_Source data_:
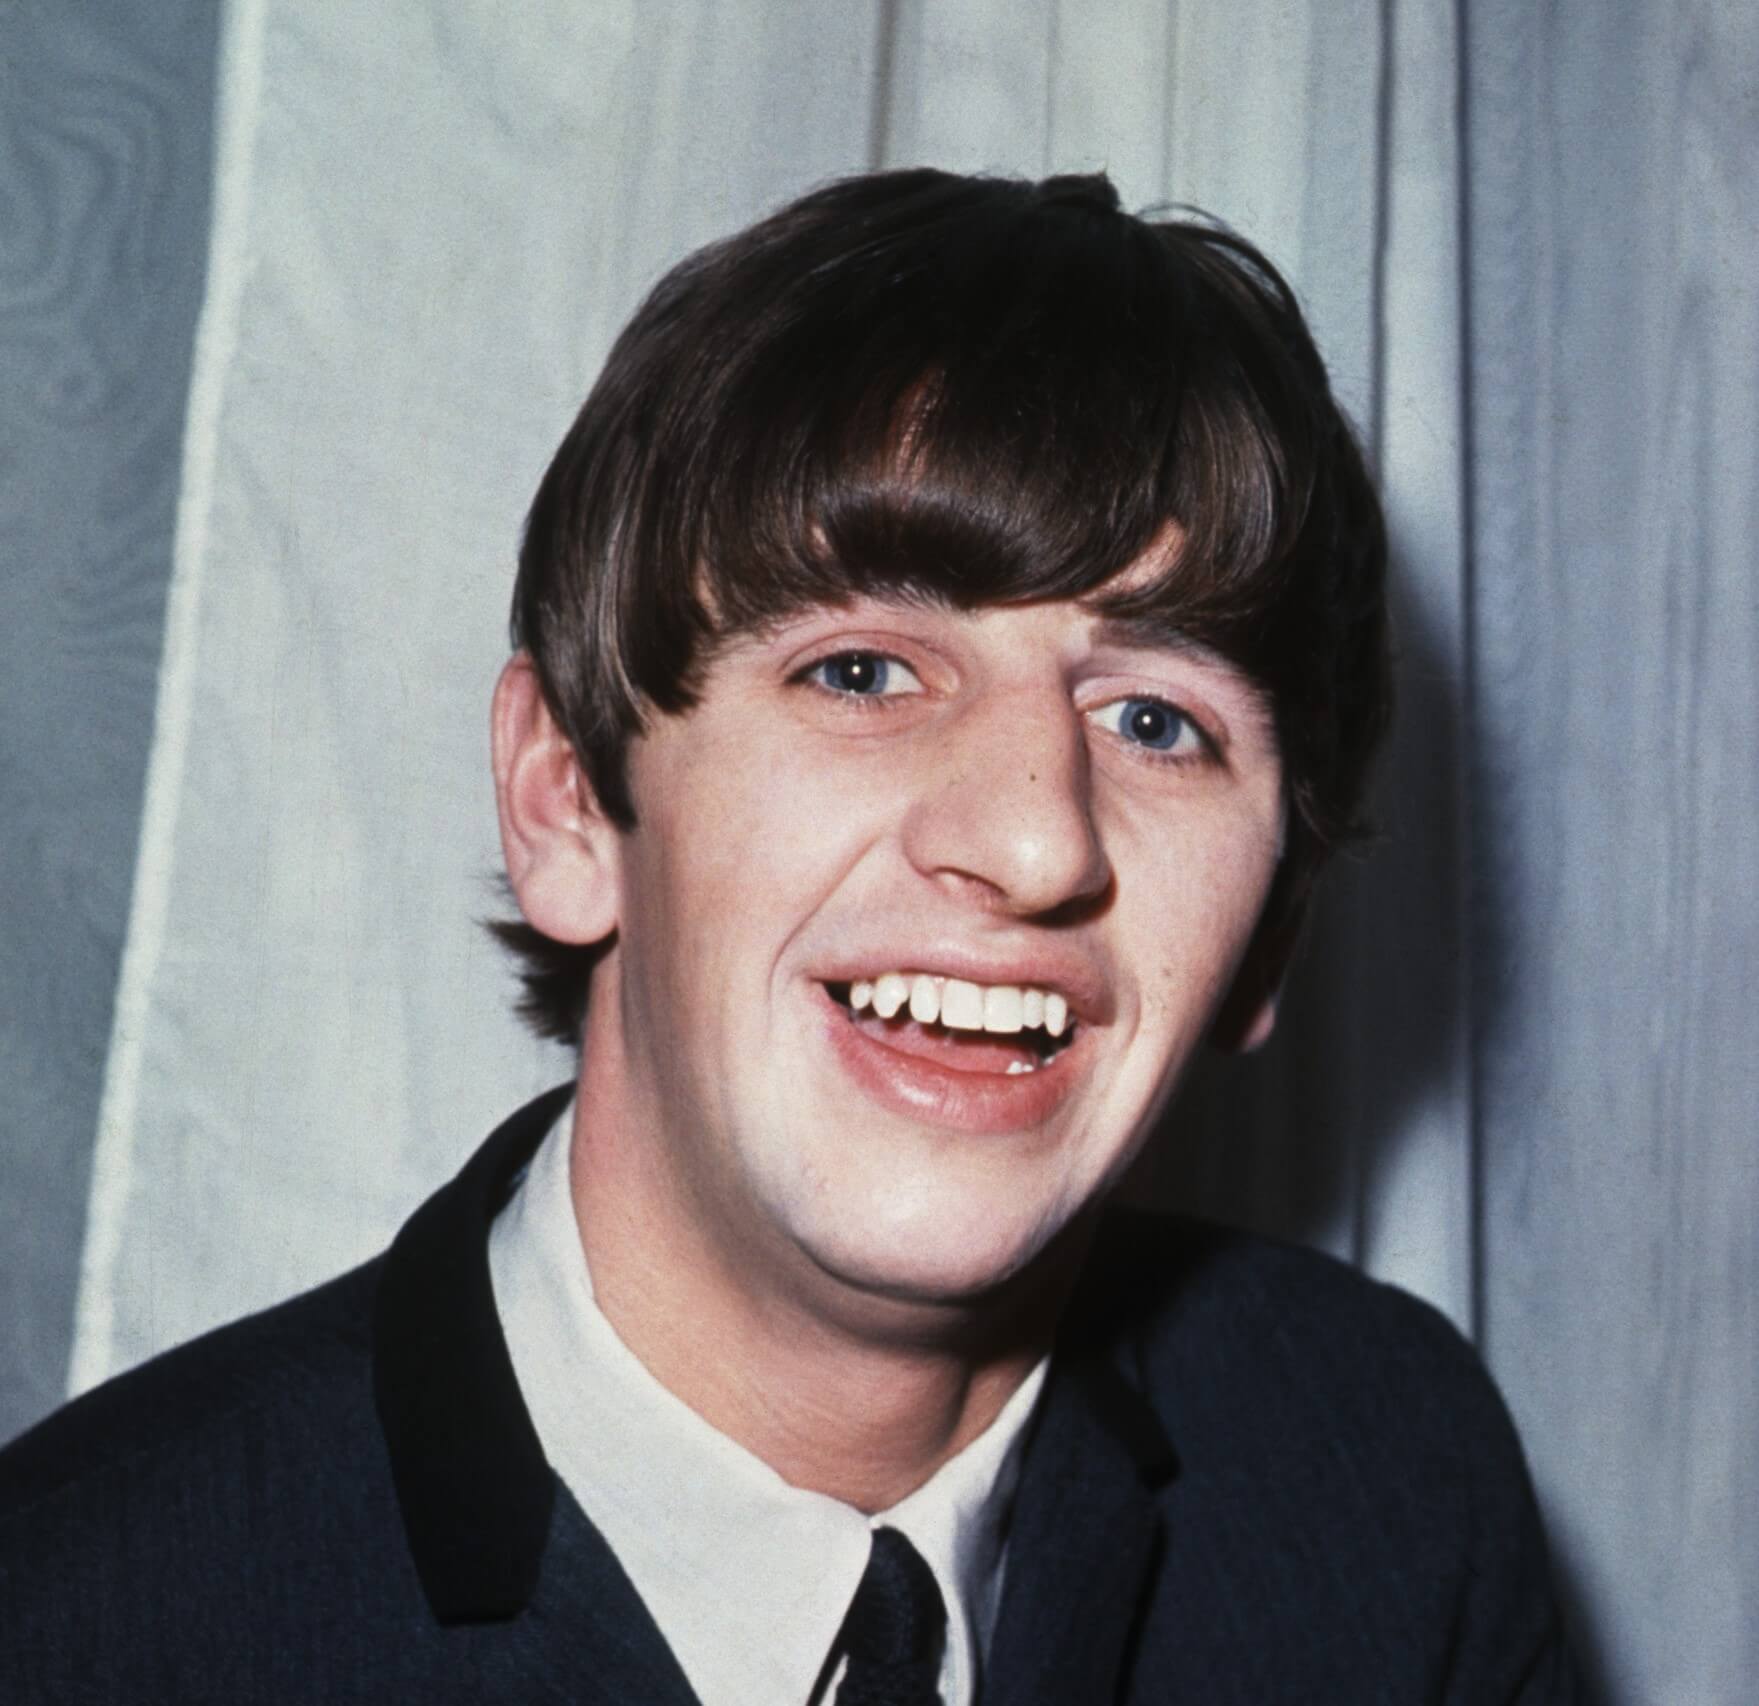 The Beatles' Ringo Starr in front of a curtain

...

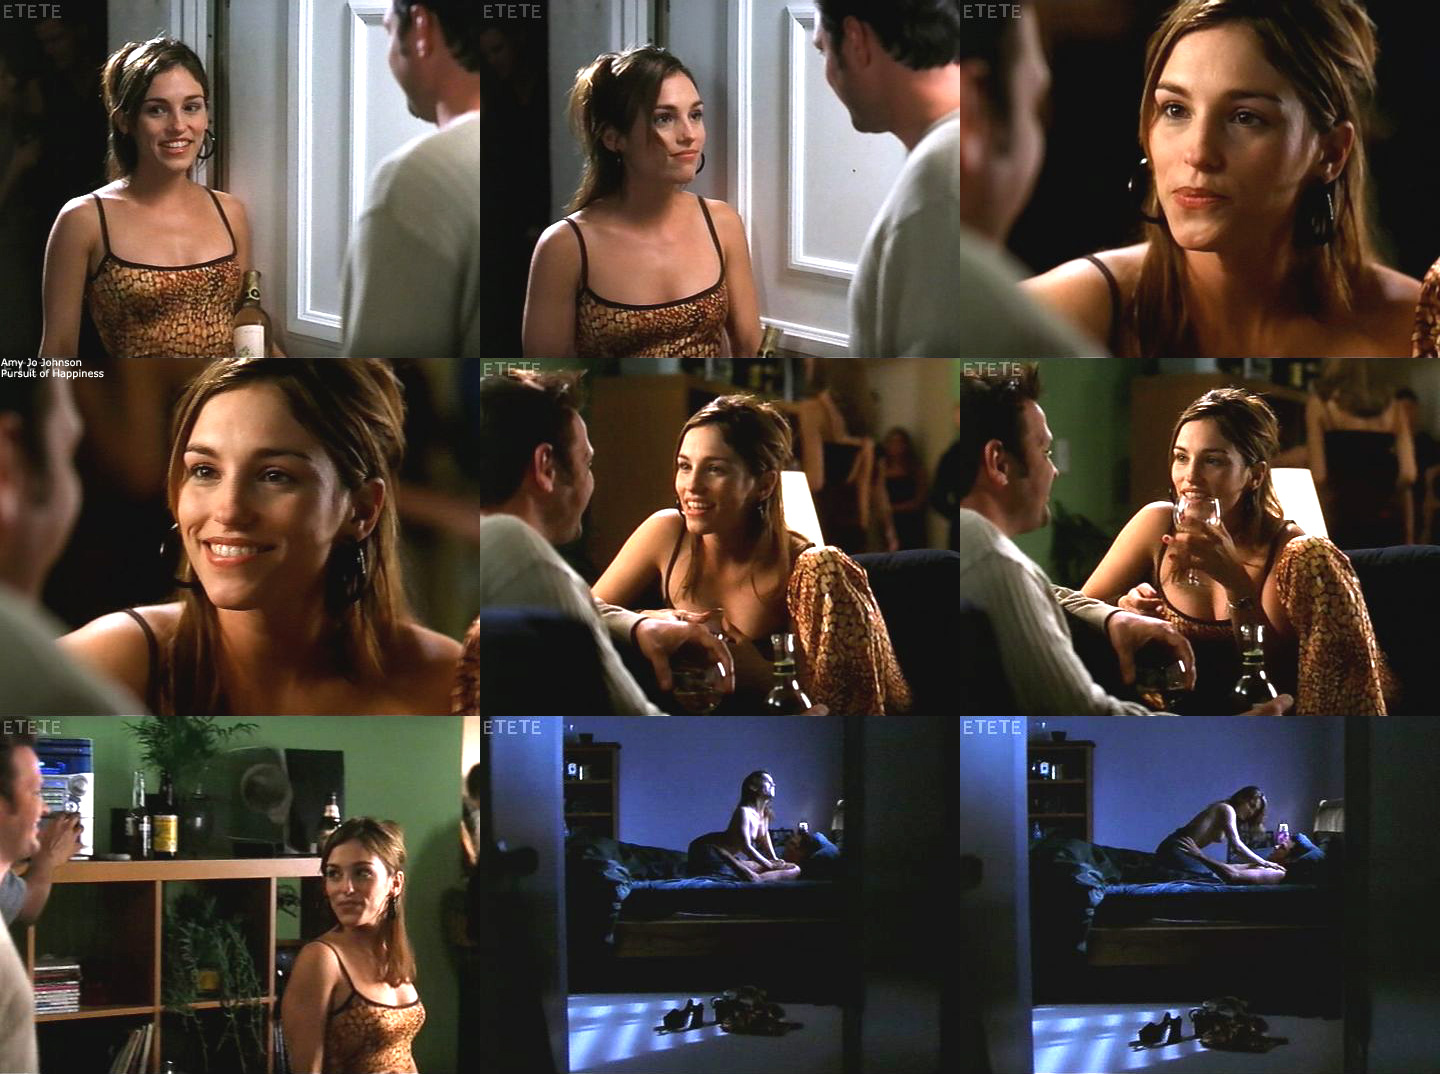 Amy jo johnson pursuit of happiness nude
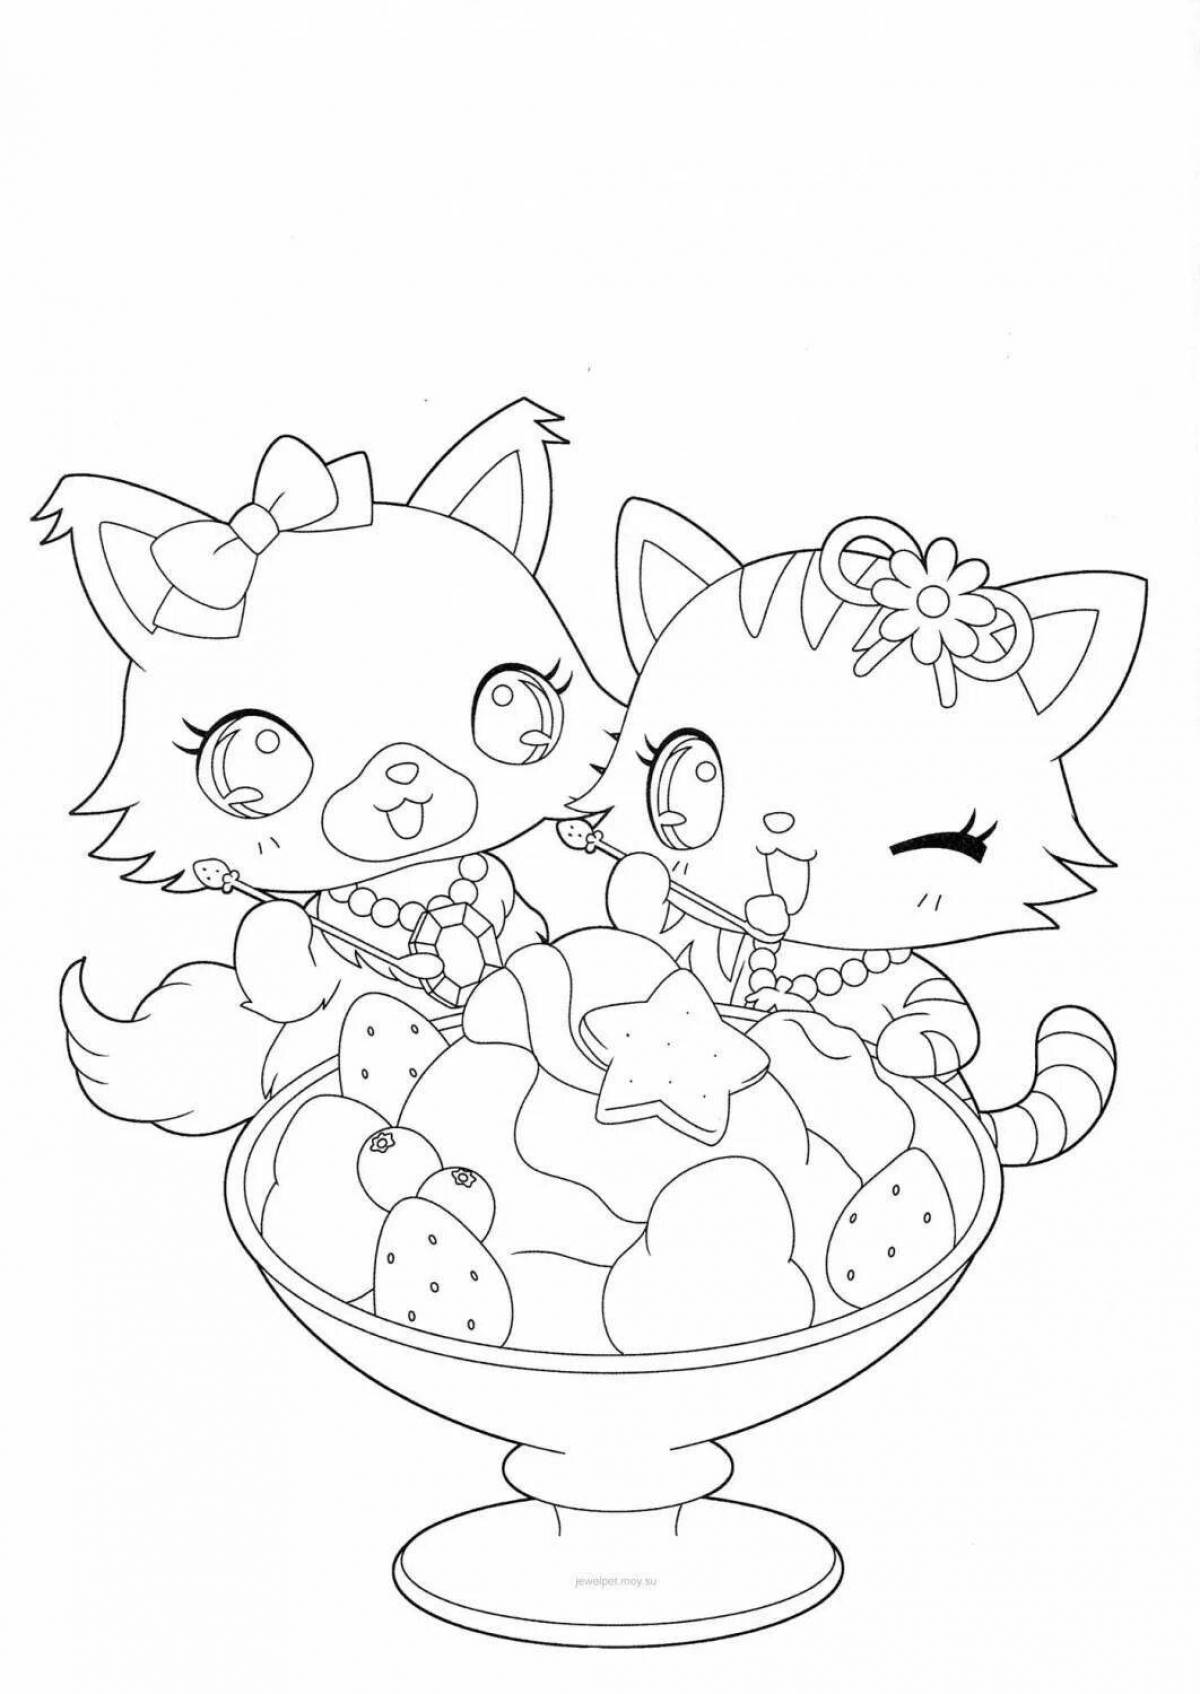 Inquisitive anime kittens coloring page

_Work item_:
Exact copy, pictures excluded: every line above from the one containing "Amy jo johnson pursuit of happiness nude" to the one containing "Inquisitive anime kittens coloring page", inclusive, and nothing more.

_Solution_:
 Amy jo johnson pursuit of happiness nude
 Inquisitive anime kittens coloring page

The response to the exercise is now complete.